ATA188 demonstrates sustained disability improvement in patients
Data from the study demonstrates that ATA188 was tolerated well in all the four-dose cohorts. Patients that attained sustained disability improvement (SDI) at a specific timepoint maintained it’s in all future timepoints with a higher percentage of patients showing sustained disability improvements with dose escalation. The data was presented in an e-poster at MSVirtual2020: 8th Joint ACTRIMS-ECTRIMS Meeting held between September 11 and 13, 2020.

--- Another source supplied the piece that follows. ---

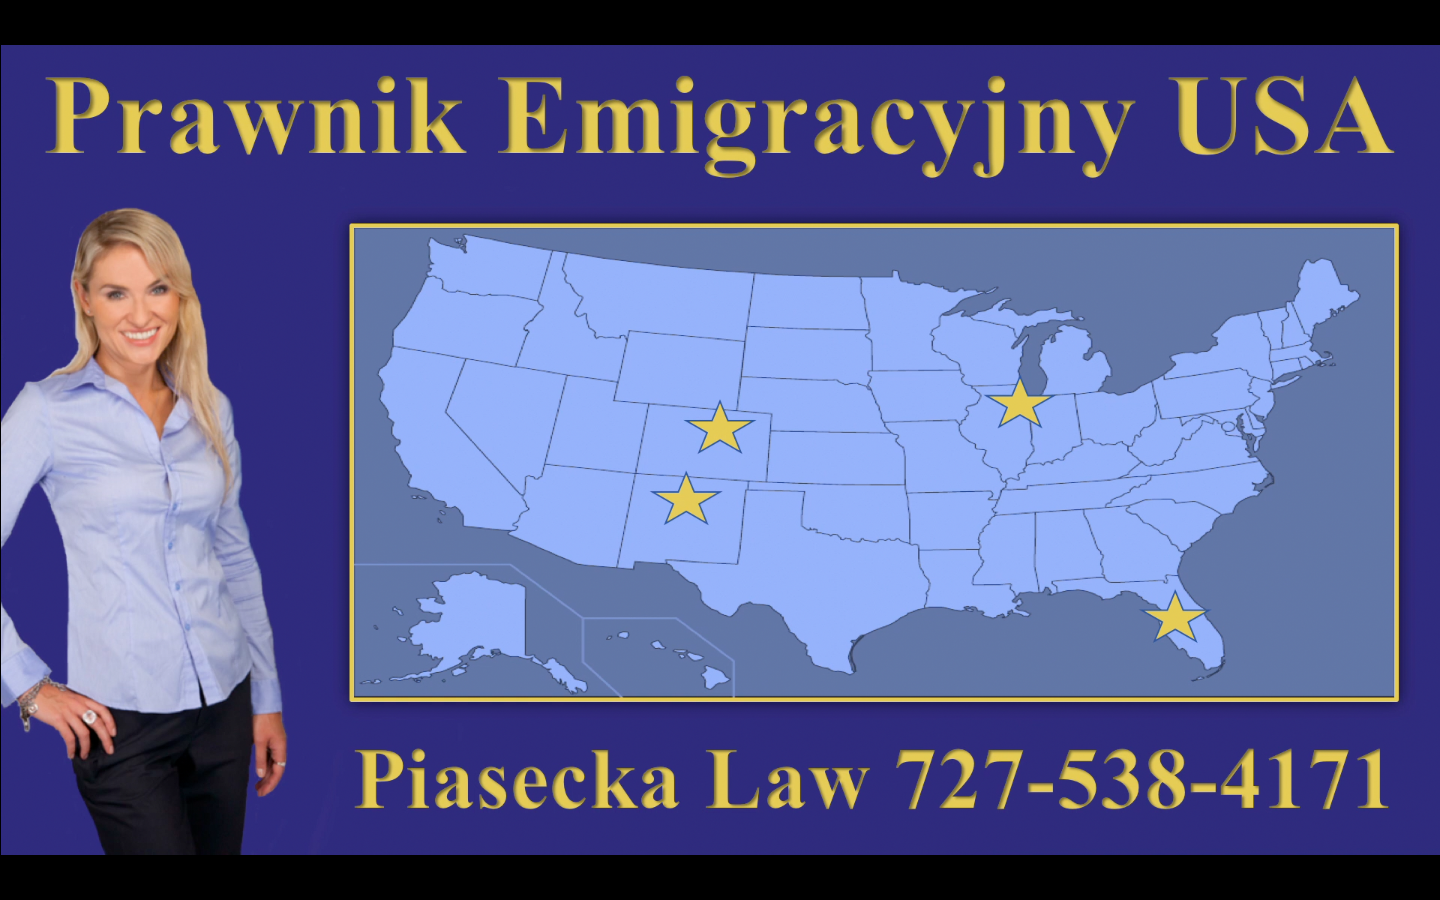 Prawnik Emigracyjny USA Piasecka Law 727-538-4171 Map

Jakob Dupont, the company’s R&D Global Head, indicated that the results are said that it was encouraging to see patients that received ATA188 had received SDI at any timepoint continue maintaining it at future points. The patients also showed improvement in physical function and fatigue after 12 months. He added that the results and ATA188’s favorable safety profile highlight its potential for patients having progressive multiple sclerosis. Dupont stated that it reinforces the company’s excitement on advancing the placebo-controlled randomized part of the study currently enrolling participants.
Atara currently enrolling patients for Phase 1b
The open-label Phase 1a multicentre ATA188 study was designed to establish tolerability and safety in patients having multiple sclerosis. It was also meant for selecting the recommended dose for the Phase 1b placebo-controlled randomized study that is enrolling participants currently. Patients in Phase 1a study received ATA188 in four dose escalation groups with six participants in Cohort 1-3 and seven in cohort 4. Results showed that all the study participants showed SDI at 6 months and maintained the SDI through 12 months.
The open-label extension (OLE) data with redosing at 12 months showed that those patients that had demonstrated SDI at 12 months continue to show SDI at 15 months. Also, a patient evaluated at 18 months showed SDI maintenance at the time with a fourth patient attaining SDI at 24 months.